Pero esto es infrecuente. De ordinario, el cárabo -como sucede en Sedano- asienta en lugares boscosos, de bosque no excesivamente denso, y con una corriente de agua próxima, con lo que la arboleda y el río, donde suele bañarse con fruición, le suministran víveres frescos y abundantes para abastecer su despensa. También son raras las polladas numerosas. De ordinario, las crías de cárabo no exceden de cuatro, aunque, según afirman los ornitólogos, se han observado casos de hasta ocho y nueve huevos en un nido.

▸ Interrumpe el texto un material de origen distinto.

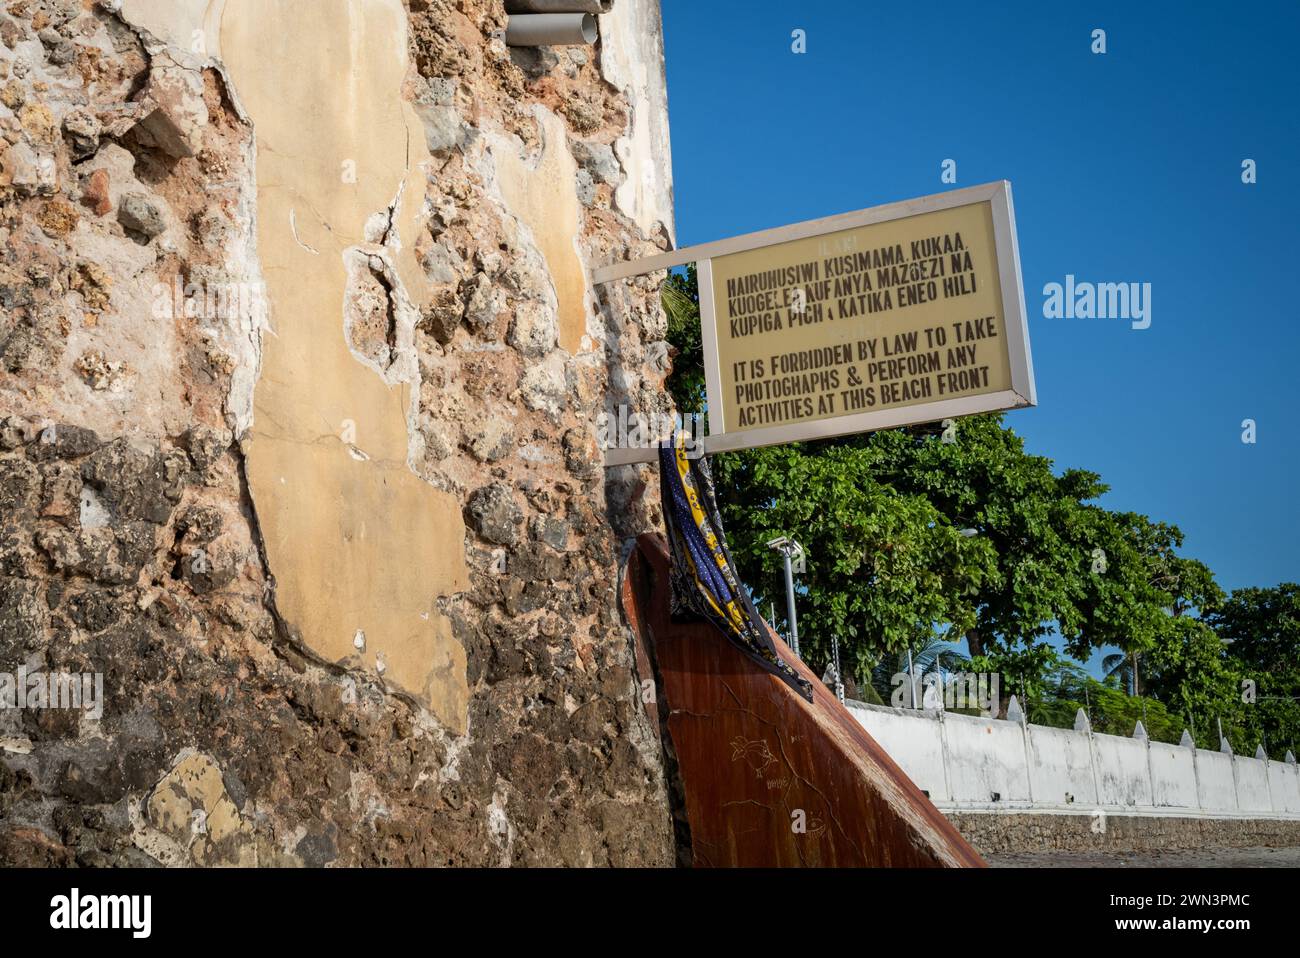 A sign on the beach banning photography and activities in Stone Town, Zanzibar, Tanzania Stock Photo

A mi refugio de Sedano, en el mes de julio, llegan los cárabos nuevos, nuestros vecinos, los nacidos en algún nido próximo, y se establecen en los árboles de los alrededores. Nunca se presentan más de tres y, alegres y locuaces, se pasan las noches en amistosos coloquios, con su "ti-juic", agudo y estridente, que intercambian, entre los hermanos, desde árboles diversos, nunca demasiado separados entre sí, y a veces desde lo alto de un poste de la luz, observatorio del que son muy querenciosos. En un territorio reducido, en los frutales de las huertas del valle o entre los pinos de la ladera, permanecen más de dos semanas, tan charlatanes a veces y tan inmediatos a la casa, que perturban nuestro sueño. Es la etapa del aprendizaje, cuando los padres les enseñan los distintos procedimientos de caza y los lugares más favorables para ejercitarla. Sin embargo, dado que las presas de estas rapaces son, salvo las orugas y, en cierto modo, los cangrejos, escurridizas y ágiles, su captura ofrece dificultades, por lo que, si los padres no muestran constancia en sus lecciones, puede ocurrir que los pollos, prematuramente abandonados, mueran de inanición antes de haber aprendido a cazar. Un año, creo que fue el 67, encontramos un cárabo joven muerto junto al transformador de la luz, a doscientos metros de la casa. Durante noches enteras, el pollito reclamó en vano; sus padres, considerándole maduro, le habían abandonado ya. Según los naturalistas, los pollos que mueren por esta razón sobrepasan en algunas comarcas el cincuenta por ciento. En ciertas zonas poco pródigas en alimento, el cárabo adulto caza también de día y sus reflejos y volatines no desmerecen a la luz del sol.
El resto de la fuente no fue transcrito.